We're first going to scrape images from [dermnet](http://www.dermnet.com/dermatology-pictures-skin-disease-pictures/), using [BeautifulSoup](https://www.crummy.com/software/BeautifulSoup/bs4/doc/).

In [27]:
from bs4 import BeautifulSoup
from urllib.request import urlopen
import collections

First, we'll initialize bs4 and grab the index page.

In [2]:
def urlToSoup(url):
    return BeautifulSoup(urlopen(url), 'html.parser')
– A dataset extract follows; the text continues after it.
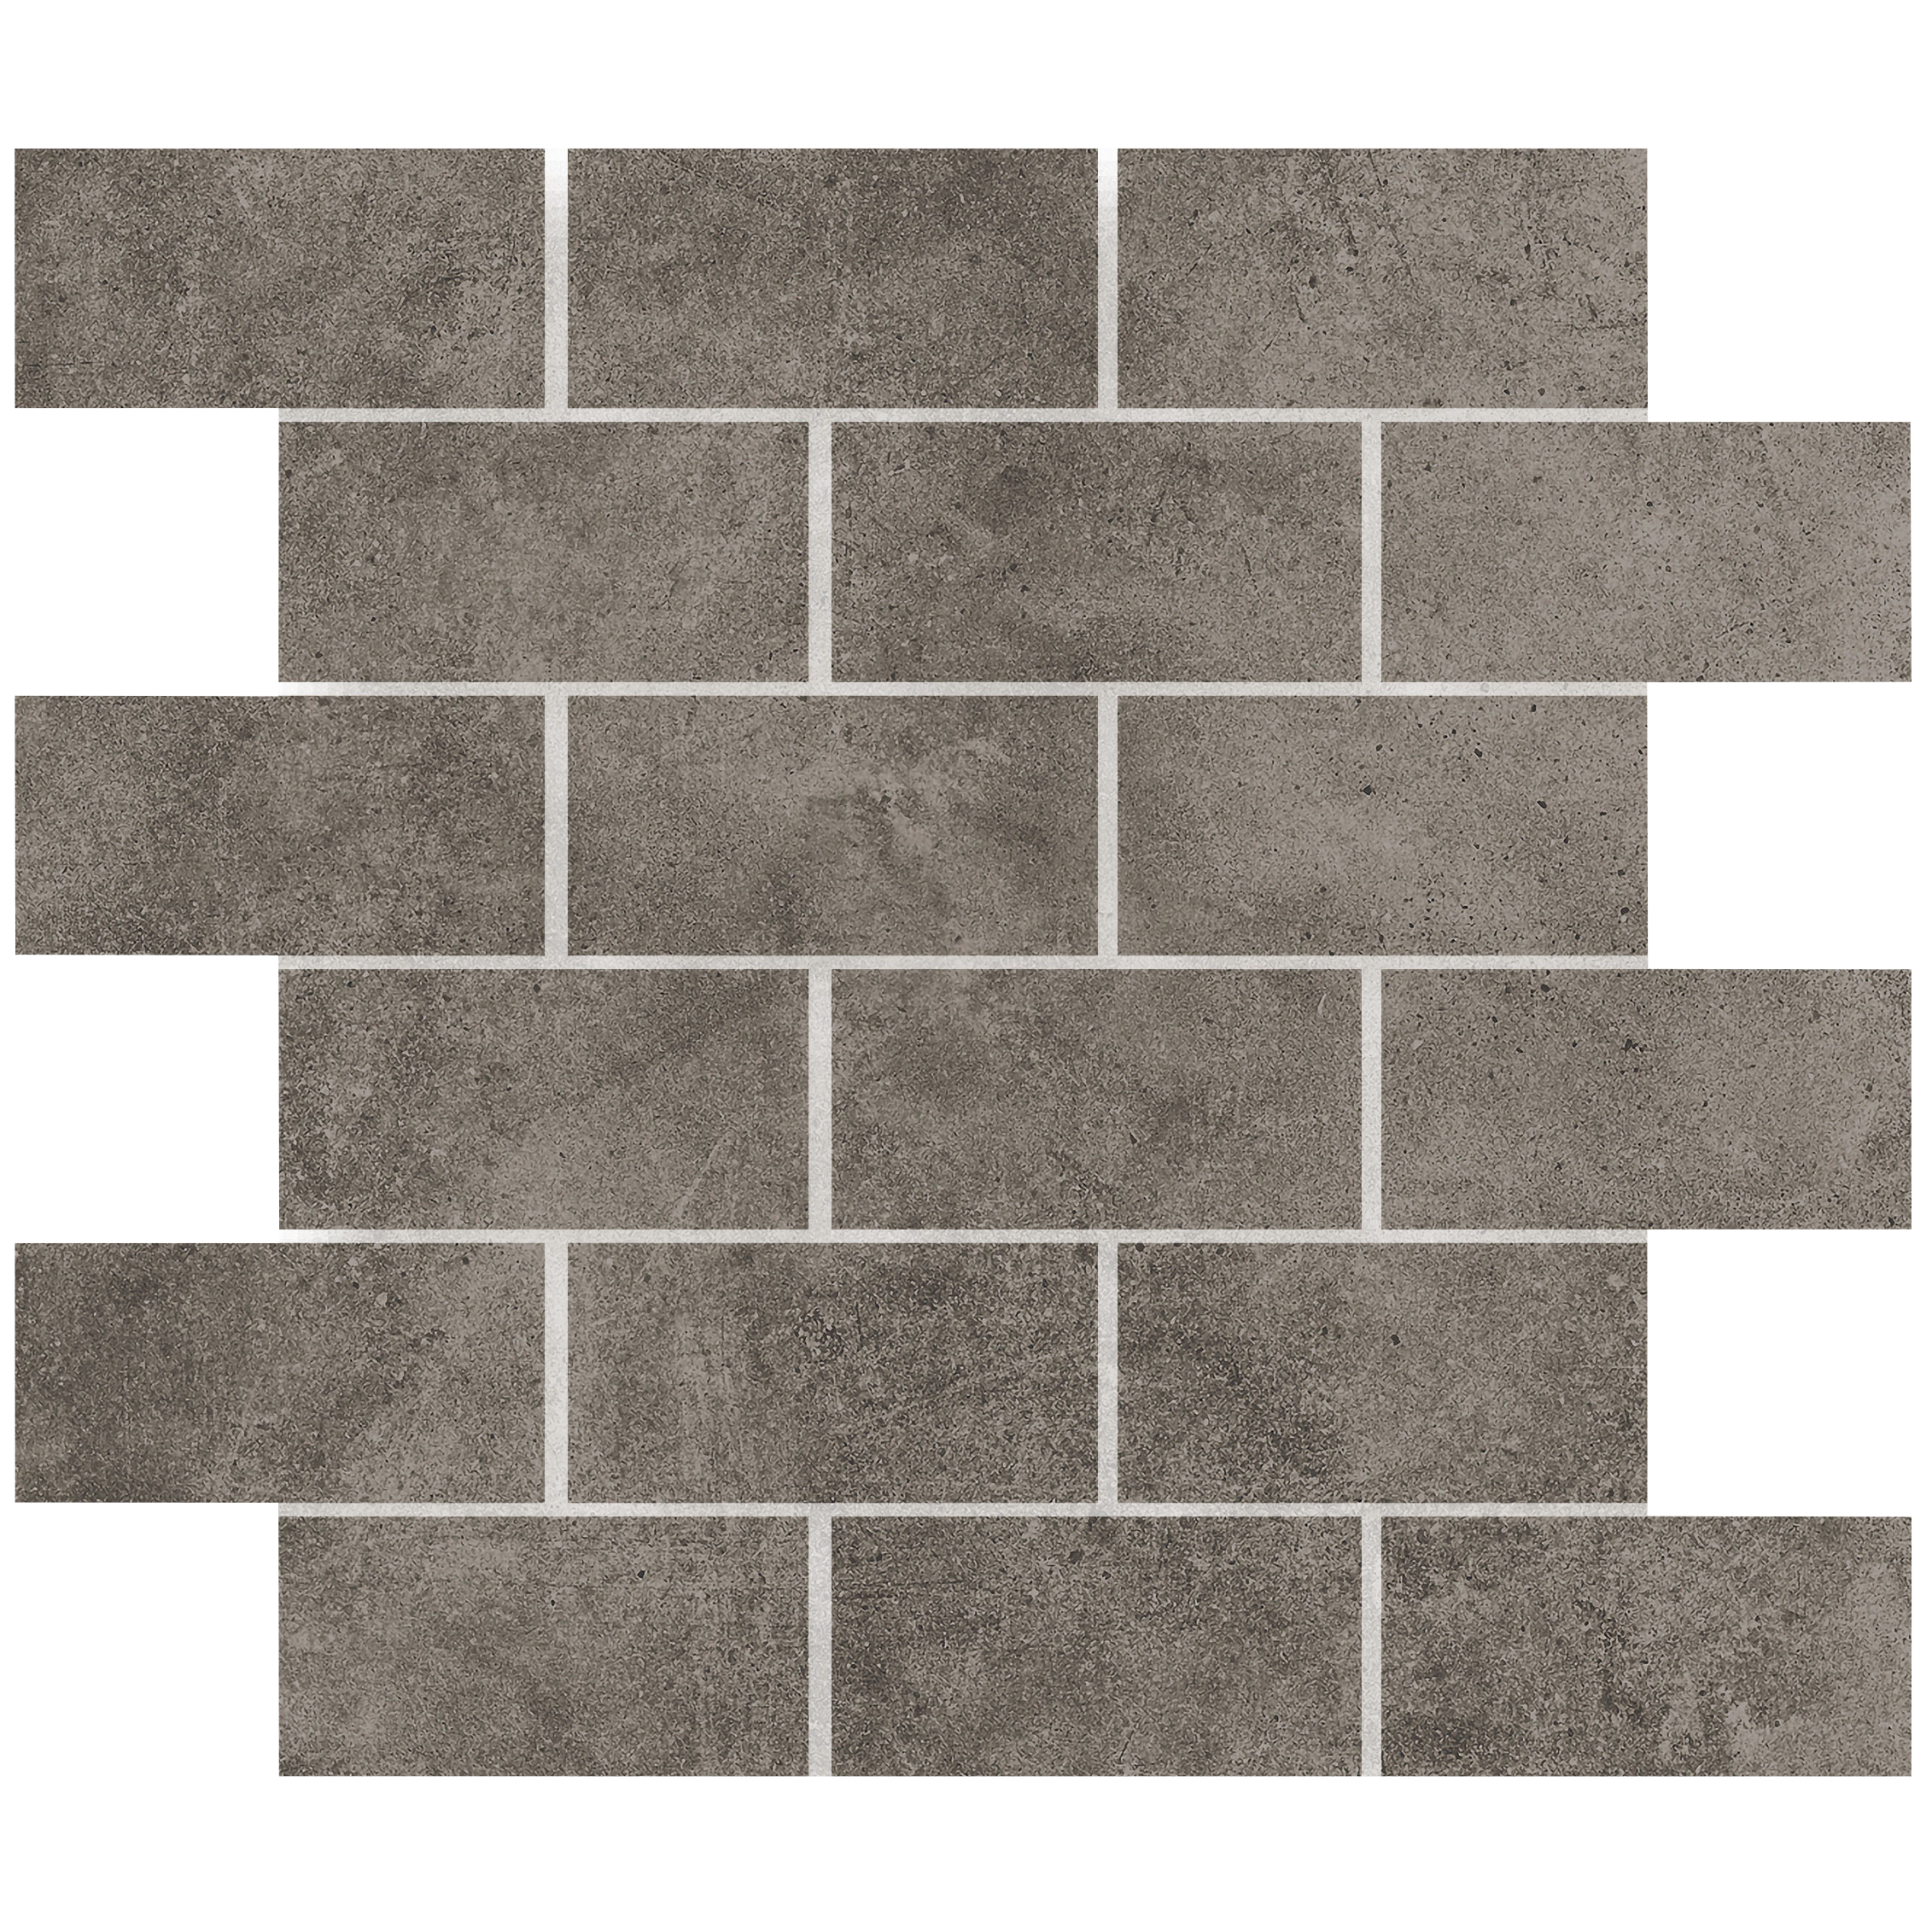 CAPETOWN peppercorn ash (grau) Typ H Image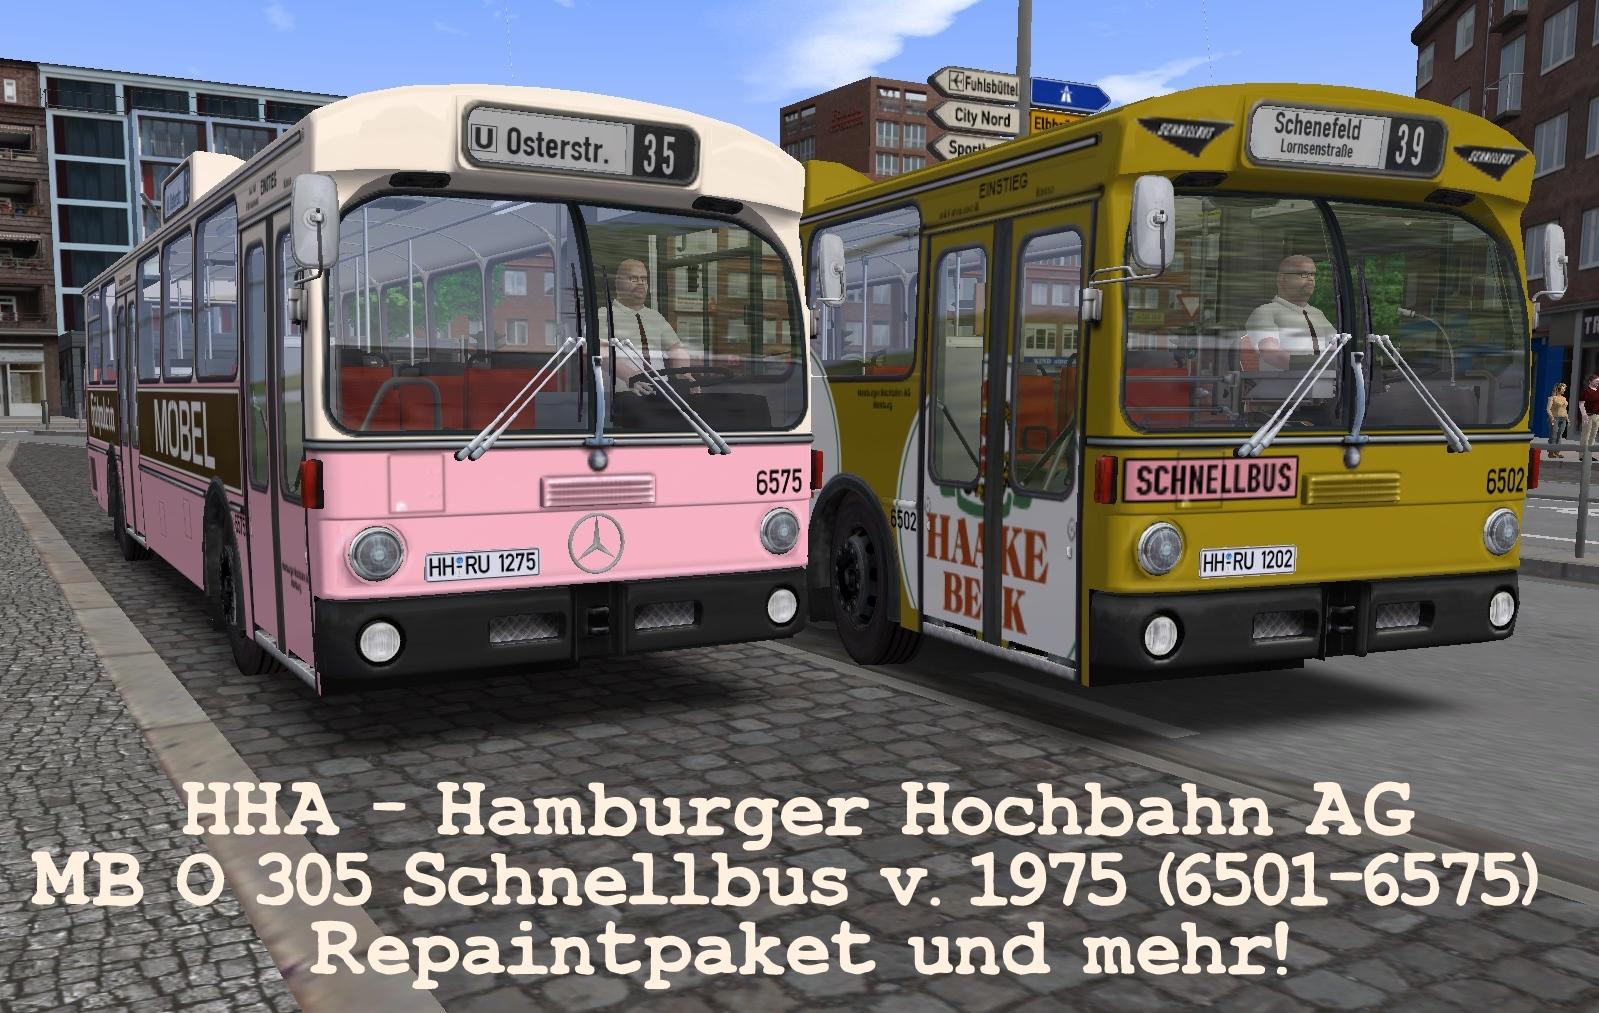 hha_sb_vorschau_1ivsy2.jpg

# Downloading webpage and initializing soup
soup = urlToSoup('http://www.dermnet.com/dermatology-pictures-skin-disease-pictures/')

print(str(soup.prettify)[:1000])

<bound method Tag.prettify of <!DOCTYPE html PUBLIC "-//W3C//DTD XHTML 1.0 Transitional//EN" "http://www.w3.org/TR/xhtml1/DTD/xhtml1-transitional.dtd">

<html xmlns="http://www.w3.org/1999/xhtml">
<head>
<meta content="text/html; charset=utf-8" http-equiv="Content-Type"/>
<title>Dermnet: Dermatology Pictures - Skin Disease Pictures</title>
<meta content="document" name="resource-type"/>
<meta content="15 days" name="revisit-after"/>
<meta content="Dermatology Pictures - Skin Disease Photos." name="description"/>
<meta content="acne picture, psoriasis picture, eczema picture, herpes picture, actinic keratosis picture, alopecia areata picture, std picture, Atopic Dermatitis picture, Contact Dermatitis picture, tinea picture, Melanoma picture" name="keywords"/>
<meta content="all=index,follow" name="robots"/>
<meta content="Global" name="distribution"/>
<meta content="Safe For Kids" name="rating"/>
<meta content="Dermnet.com - all rights reserved" name="copyright"/>
<meta content="Dermnet

### Grabbing classes
Now, we'll find all of the sub-pages that contain specific disease types.

In [3]:
# Grabbing all urls on page and filtering to image subpages

# limiting to images under "complete list"
table = soup.find('table', {"width":'100%'})

# grabbing all links
url_elements = table.findChildren('a')

# getting link value
url_links = [elem.get('href') for elem in url_elements]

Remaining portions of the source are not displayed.